Data excerpt>
++++

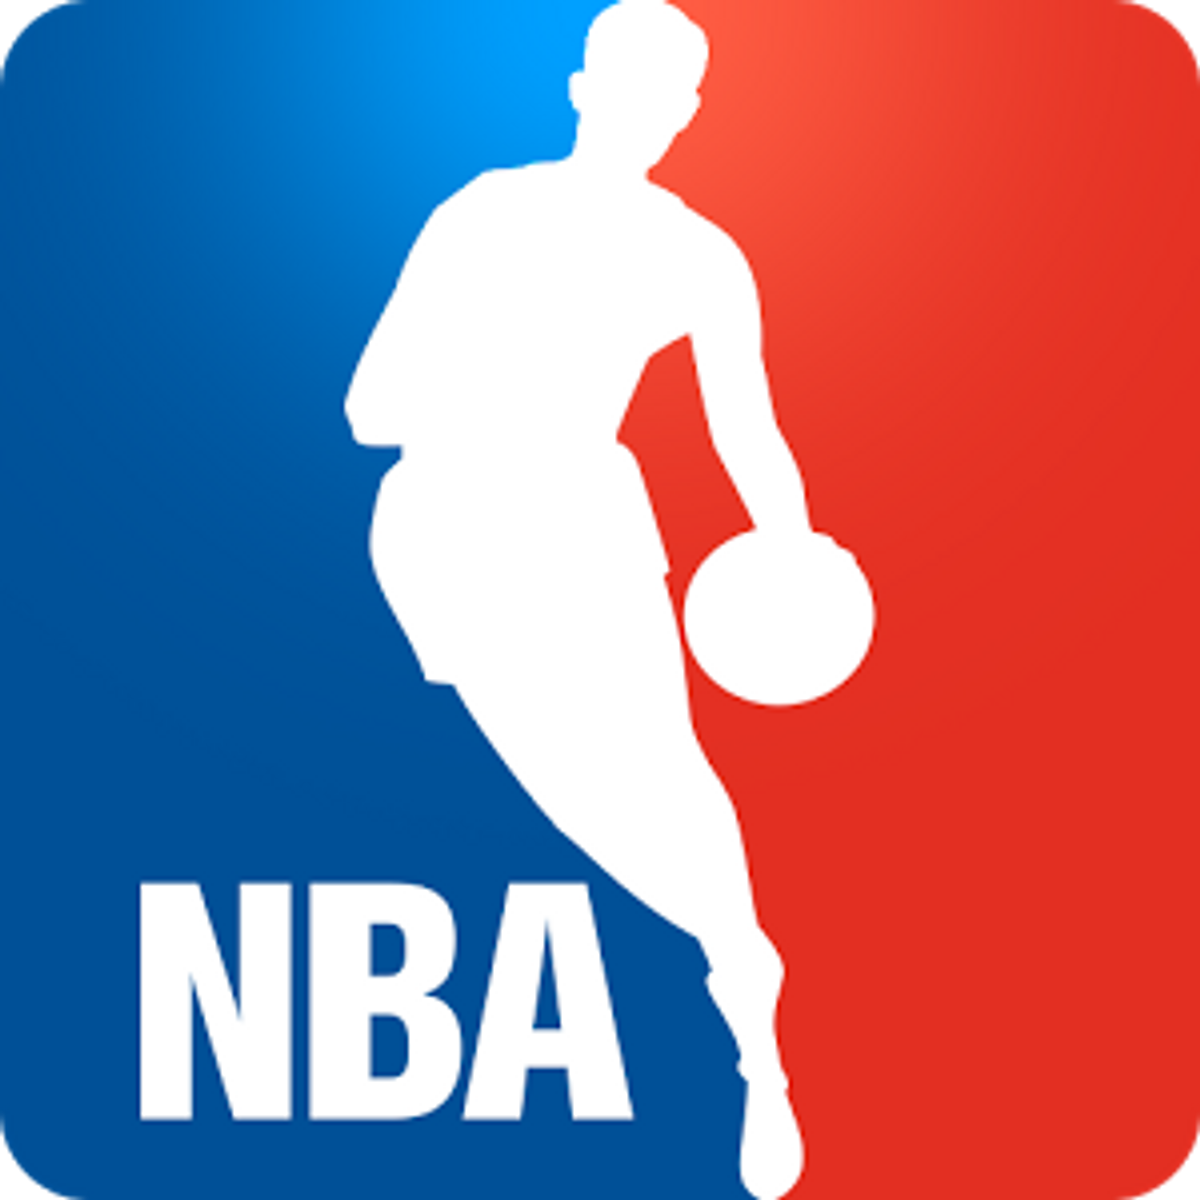 NBA Draft and Trades
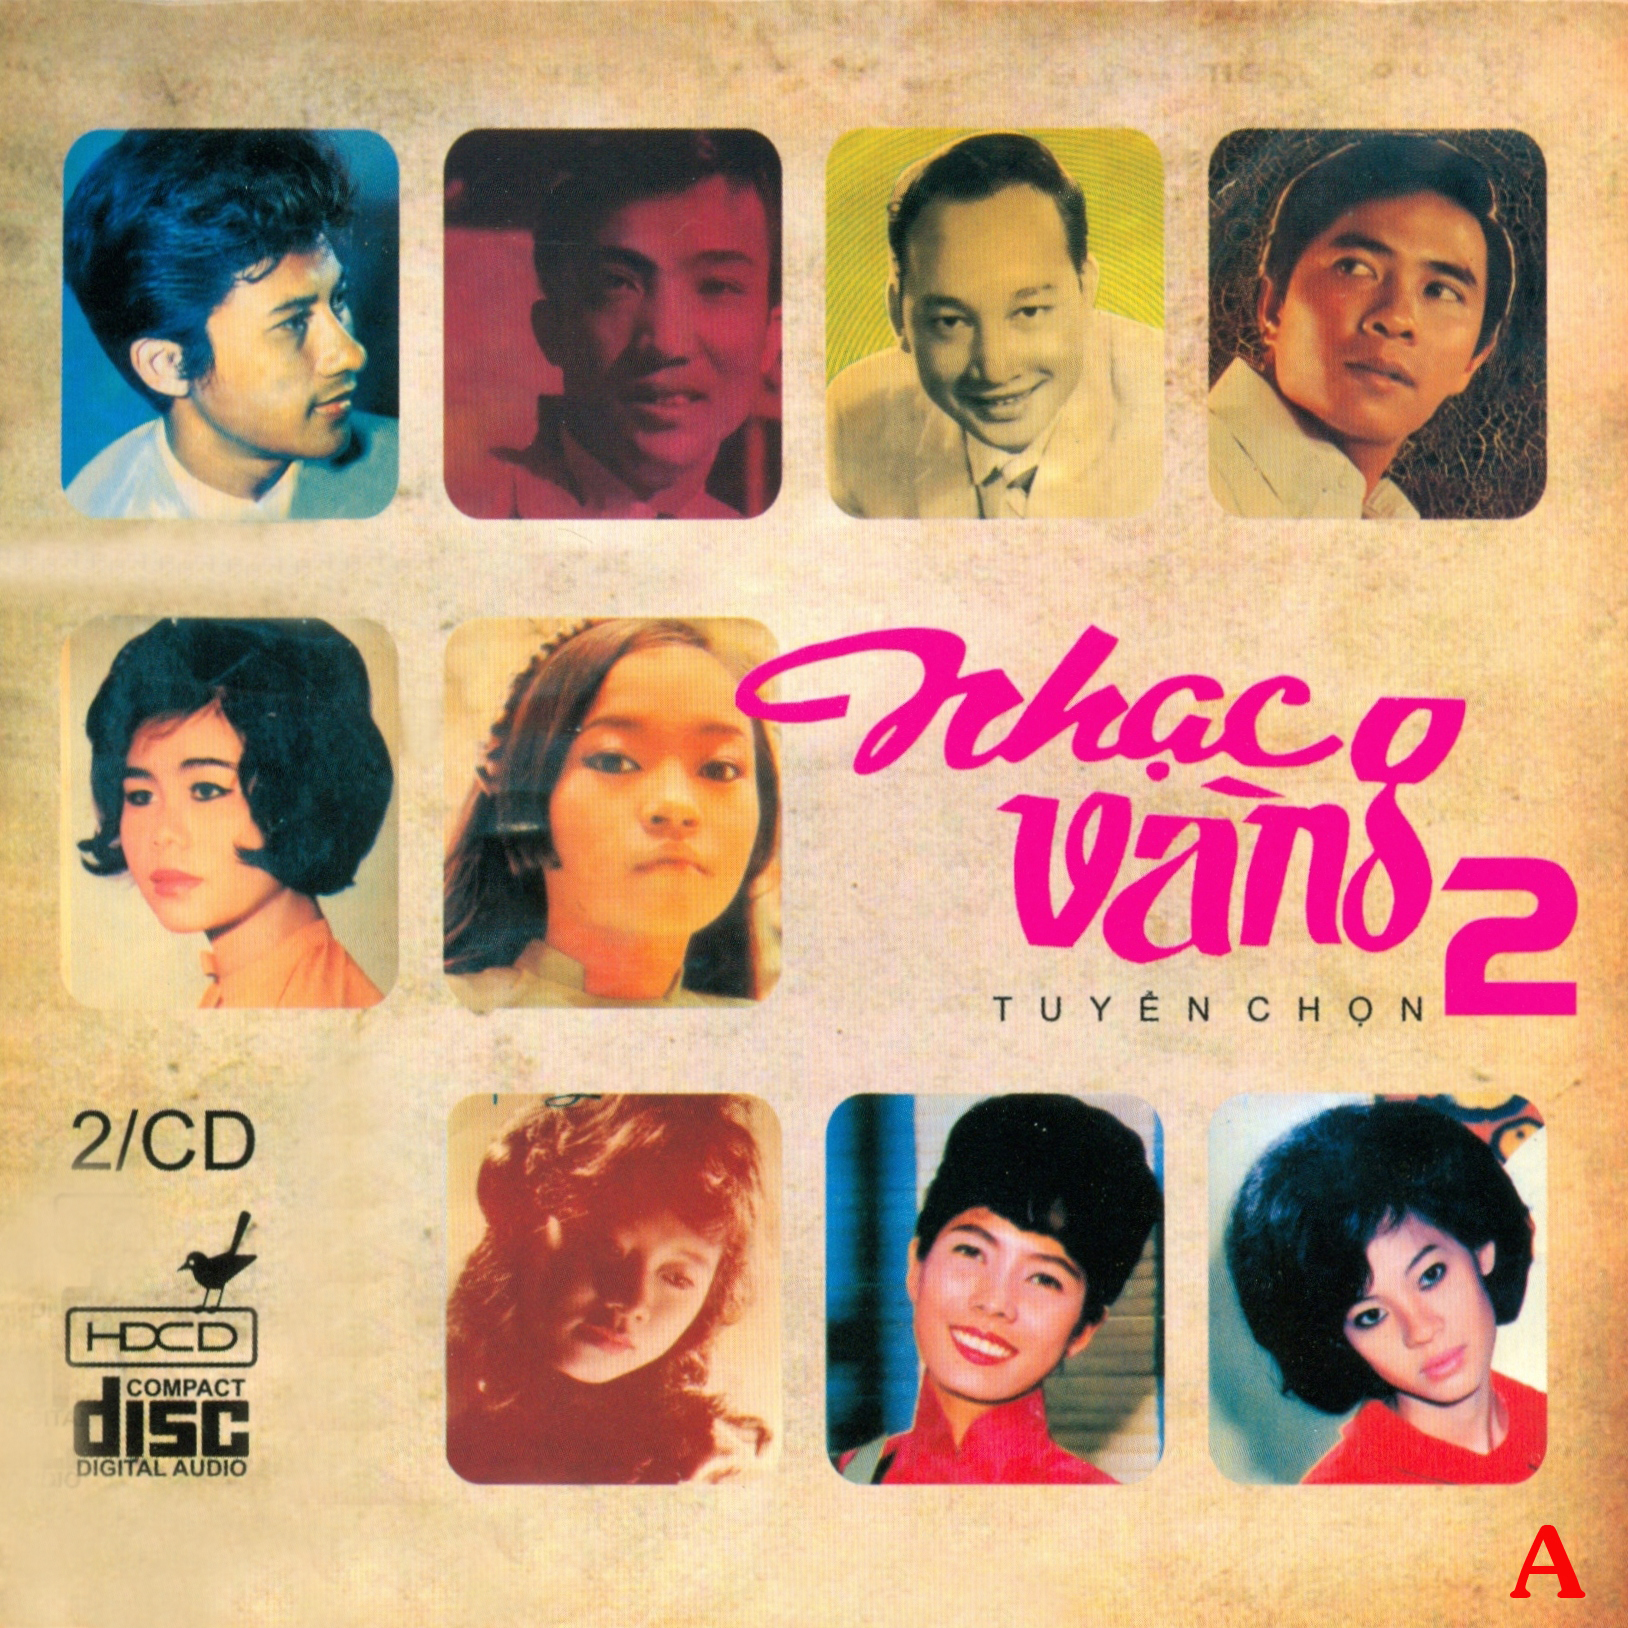 Nhạc vàng tuyển chọn trước 1975 2 – CD 2 – (WAV)
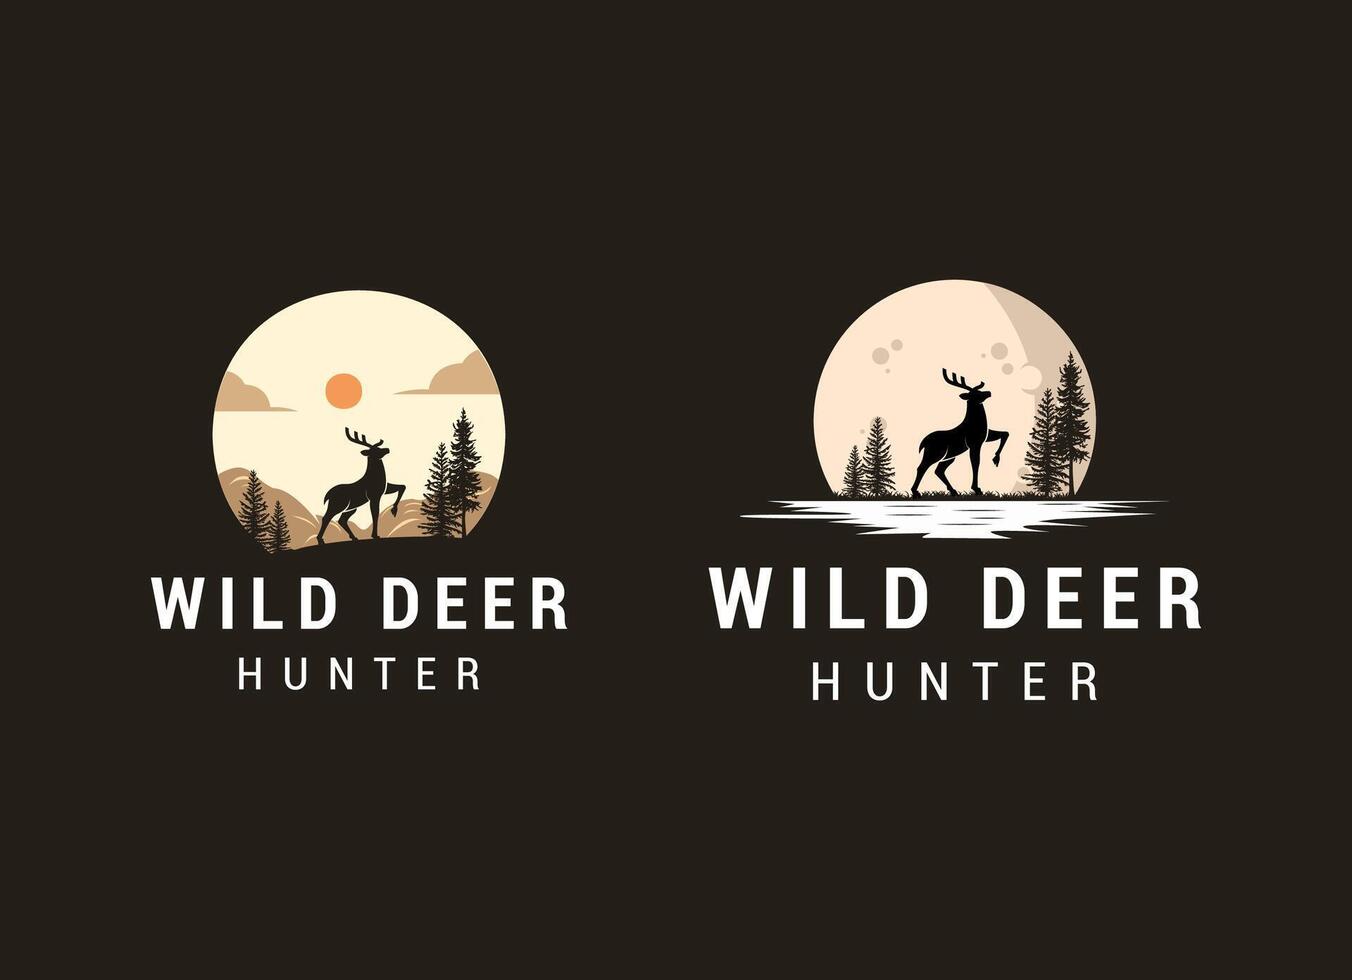 Wild deer logo design. Silhouette of deer logo vector

++++

Task prompt> Return the material in full and unaltered, minus its pictures.

Output of the exercise>
 NBA Draft and Trades
 Nhạc vàng tuyển chọn trước 1975 2 – CD 2 – (WAV)
 Wild deer logo design. Silhouette of deer logo vector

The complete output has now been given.